Monday, March 7, 2016

WILL 'FUSION' CHANGE OUR WORLD?

Hey, wow, gee -- a life-changing, VERY big deal is brewing. Instead of splitting atoms, we are working on fusing them.

Fusing? Yes, squashing them, forcing them together, making small particles into one big one.

Fusion is being played with by various companies like Tri Alpha Energy, who built a giant flywheel in an Orange County, California parking lot. It's a reactor -- it's so big and powerful that it has to be disconnected from the public grid when it is turned on, or the whole country would be shorting out. Here's a photo of it.

We've heard about reactors when they leaked and endangered the world. The reactor at Three Mile Island leaked in 1979, and created our country's worst nuclear accident. There are several dozen reactors in the world, in various stages of completion, built mostly by universities, large corporations, and national governments. The largest one -- the International Thermonuclear Experimental Reactor (ITER) -- is under construction in the south of France.  It is scheduled to be running by 2027. It will cost about  $20 billion.

Over the past 10 years, various companies, like Tri Alpha, have been secretly working on Fusion with the help of risk-taking investors like Jeff Bezos of Amazon, Peter Thiel, PayPal co-founder, Paul Allen, Microsoft's co-founder, along with super-rich Goldman Sachs' clients.

All these guys are looking for an energy source so cheap and clean and plentiful that it would change human history. Michl Binderbauer, age 46, Tri Alpha's brash, youngish founder and chief technology officer, who is "charismatic, radiantly self confident," according to reporters, has bragged and said "My company is the best private Fusion Company today."

Scientists have been working on Fusion since the 40's. It is NOT "Nuclear Fission" -- the power that we have today which involves splitting atoms like uranium into smaller atoms. Fission releases a lot of energy, but Uranium is scarce, and nuclear plants are hazardous. Do you remember the reactors leaking in Chernobyl -- destroying the town, the people -- the entire area in Ukraine? In Japan, radio-active water continues to leak from the 9.0 earthquake that damaged reactors in Fukushima. It left that country with toxic waste that will stay hazardously radioactive for centuries.

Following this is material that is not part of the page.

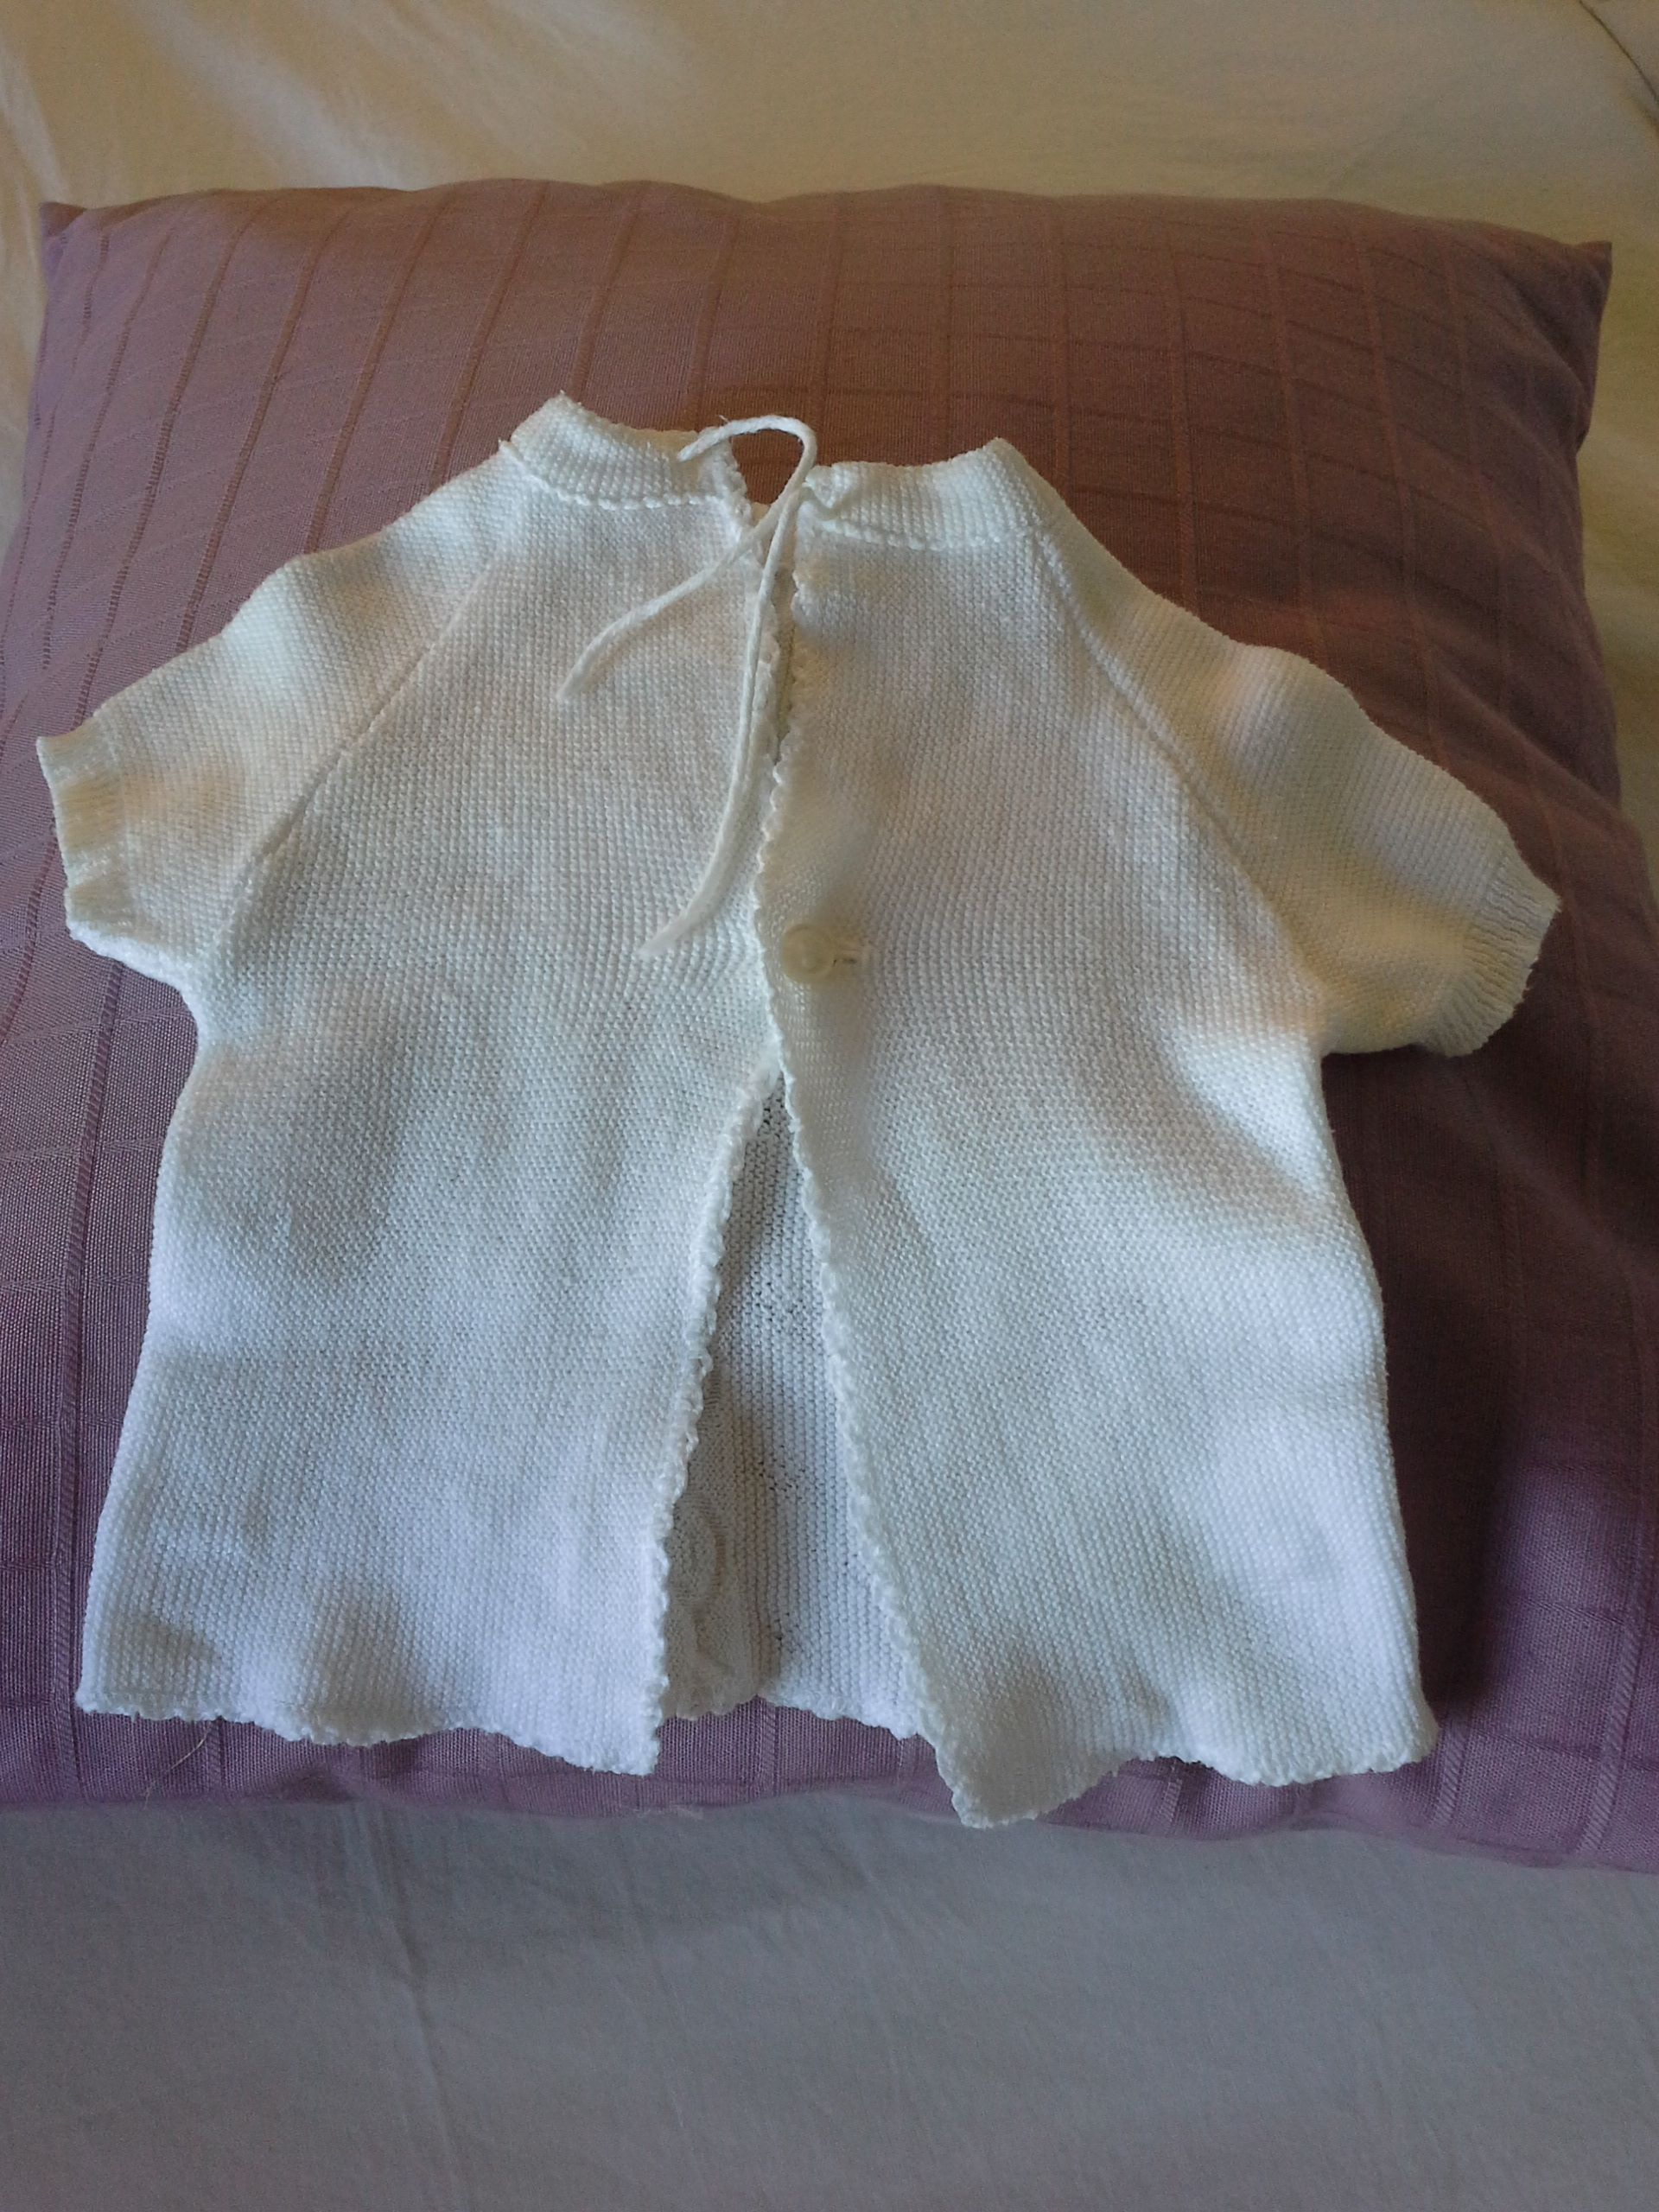 #Babyvintage find #crochet #babyjacket

Good fact about Fusion; as it forces small atomic particles together to form bigger ones, the process releases a huge burst of power. If something goes wrong, fusion reactors don’t melt down -- they just stop. They produce almost no radioactive waste -- no pollution -- just helium, like what's used to inflate the balloons.

Major Fact: Using fusion, the lithium from a single laptop battery, plus the hydrogen from 45 liters of water (about 12 gallons), could generate enough electricity to last  for 30 years.

Fusion will certainly change life on earth, but right now, getting enough heat to make particles fuse is still an unsolved problem. Also, the fuel that's created from fusion is in the form of a plasma that's wildly unstable. Scientists haven't yet figured out how to confine it -- anything that touches it instantly vaporizes.

Michl Binderbauer recently announced that he is tearing down Tri Alpha’s current reactor and building a new reactor that will be able to create the necessary temperatures. Explaining that particle accelerators can create temperatures in the trillions, he told reporters, “Going to higher temperatures is not that hard. You use techniques much like what you use in a microwave. They’re very similar principles.”

Bill Gates is currently on a global campaign trying to raise awareness about our addiction to energy -- how it is destroying the environment. Putting $2 billion of his foundation’s money into it, Gates said, “We need an energy miracle."

No doubt about -- the miracle might be Fusion. A lot of very smart people are betting their money and careers on it. Fusion may just turn out to belong to that category of human achievement, like powered flight and moon landings.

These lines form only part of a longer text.